The right of any party hereto to terminate this Agreement pursuant to
this Section 9.1 shall remain operative and in full force and effect regardless
of any investigation made by or on behalf of any party hereto, any person
controlling any such party or any of their respective employees, officers,
trustees, directors, agents, representatives or advisors, whether prior to or
after the execution of this Agreement.
9.2 EFFECT OF TERMINATION.
(a) In the event of the termination and abandonment of this
Agreement pursuant to Section 9.1 hereof, this Agreement shall forthwith become
void and have no effect, without any liability on the part of any party hereto
or its affiliates, trustees, directors, officers or stockholders and all rights
and obligations of any party hereto shall cease except for the agreements
contained in Section 10.5; PROVIDED, HOWEVER, that nothing contained in this
Section 9.2 shall relieve any party from liability for any breach of this
Agreement or shall relieve Xxxxxx from any liability under this Article 9.

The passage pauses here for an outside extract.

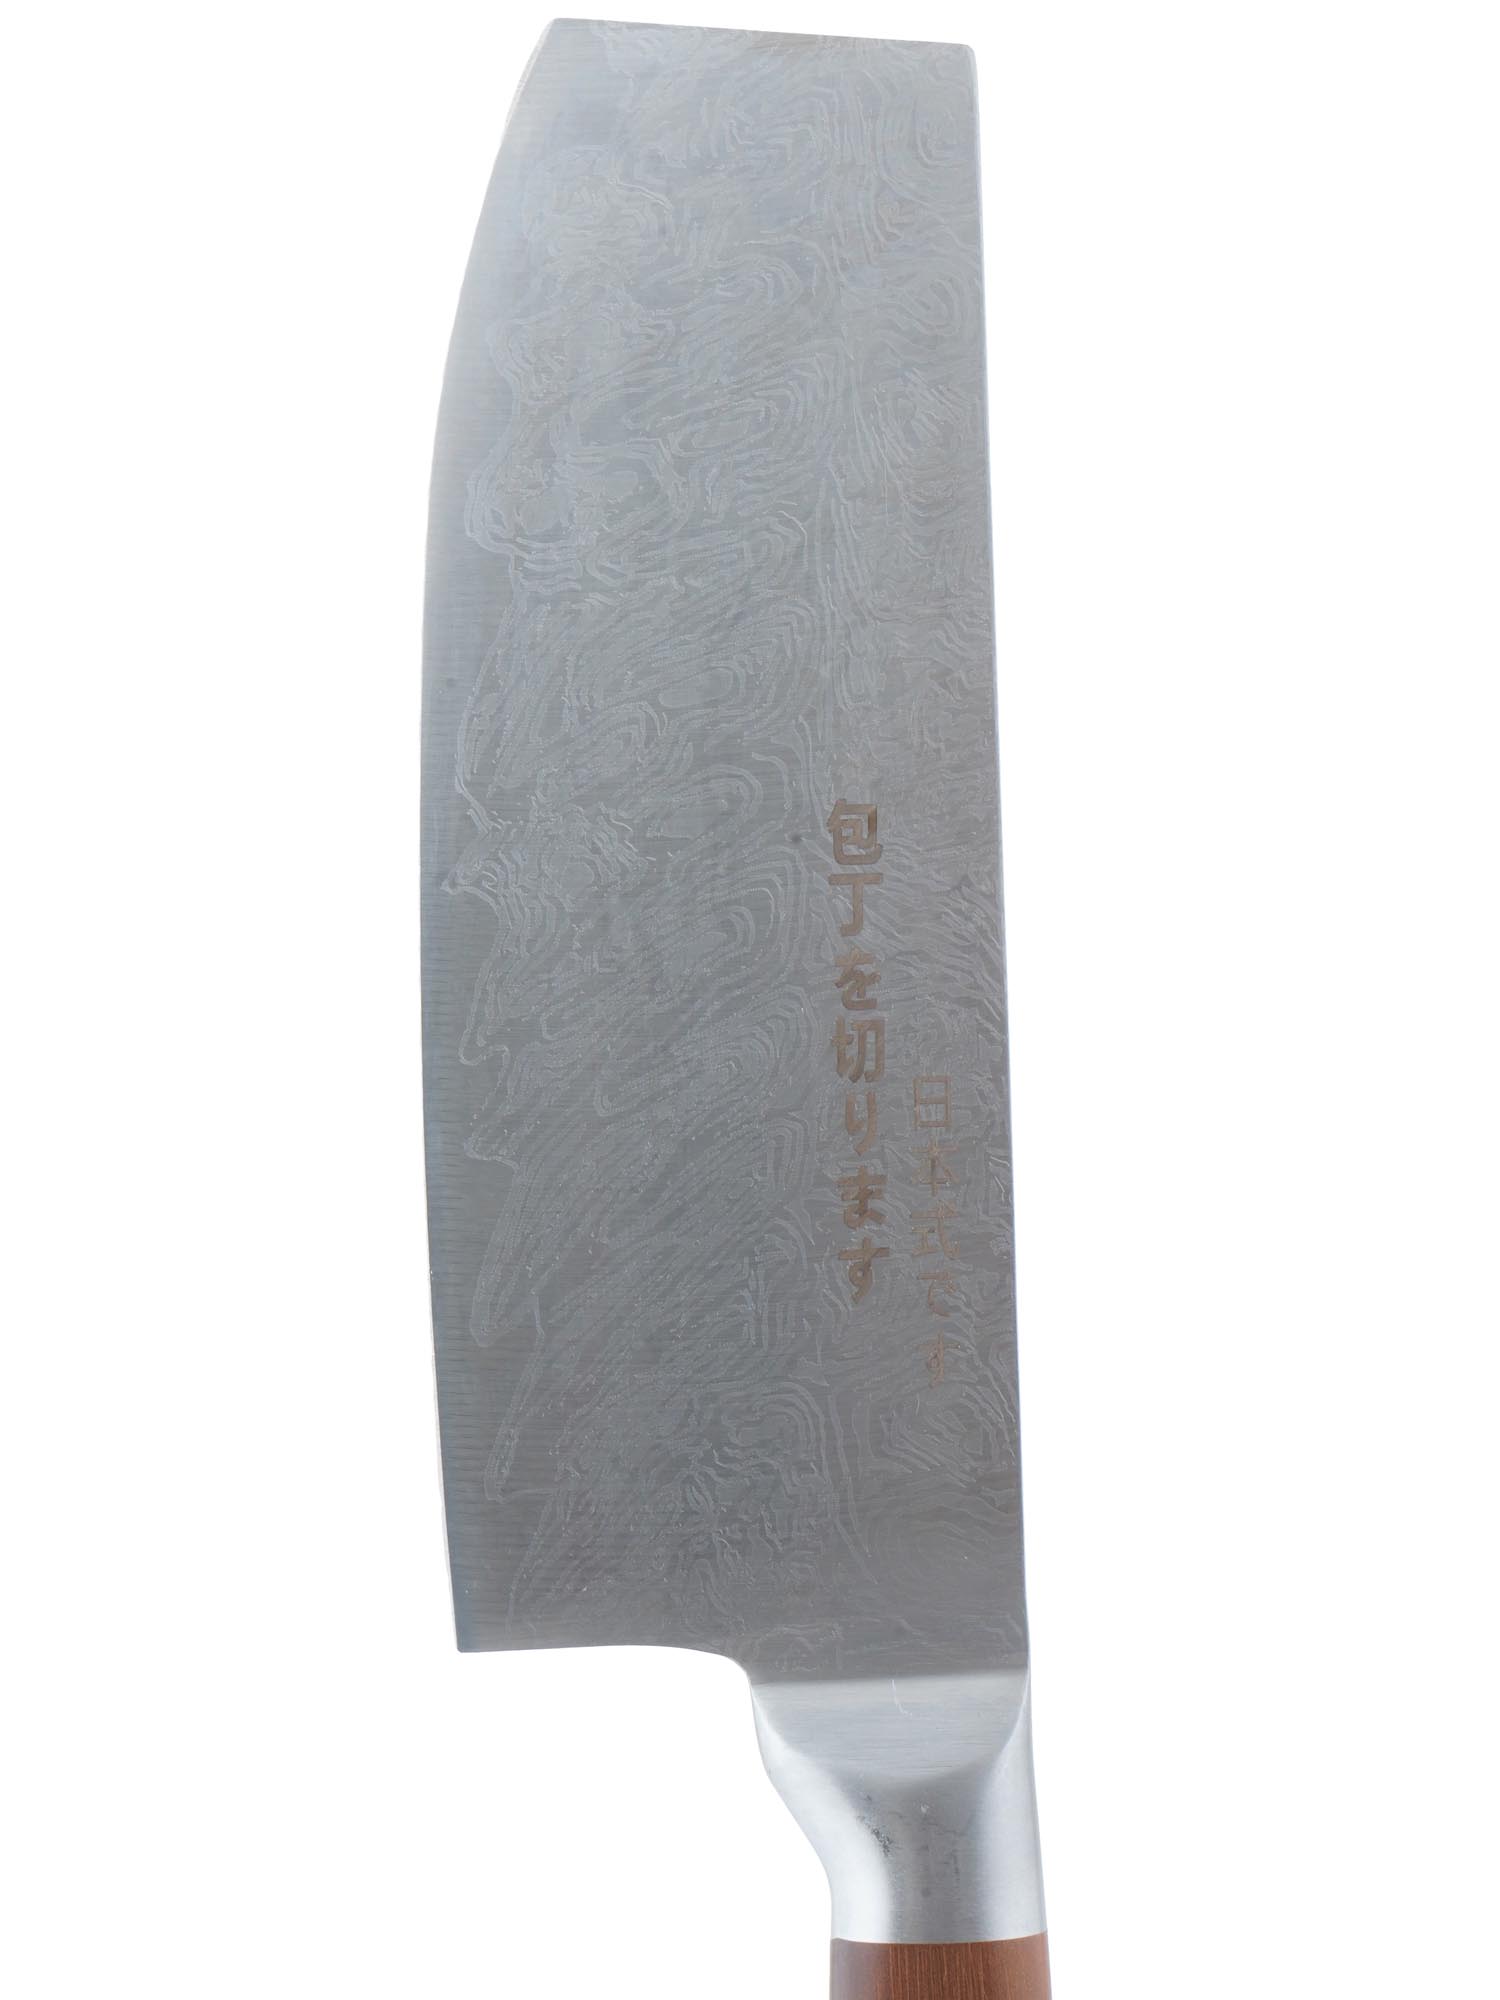 SET OF FOUR STAINLESS STEEL JAPANESE KNIVES PIC-4

(b) If (x) Buyer terminates this Agreement pursuant to Section
9.1(e)(iii) or pursuant to 9.1(c) as a result of a willful breach by Xxxxxx or
(y) if Xxxxxx terminates this Agreement pursuant to Section 9.1(f)(i) then
Xxxxxx shall pay to Buyer an amount (the "Termination Amount") in cash equal to
the sum of (i) $1,500,000, plus (ii) Buyer's out-of-pocket costs and expenses in
connection with this Agreement and the transactions contemplated hereby,
evidenced by documentation reasonably acceptable to Xxxxxx, up to a maximum of
$375,000 in accordance with the provisions of Section 9.3.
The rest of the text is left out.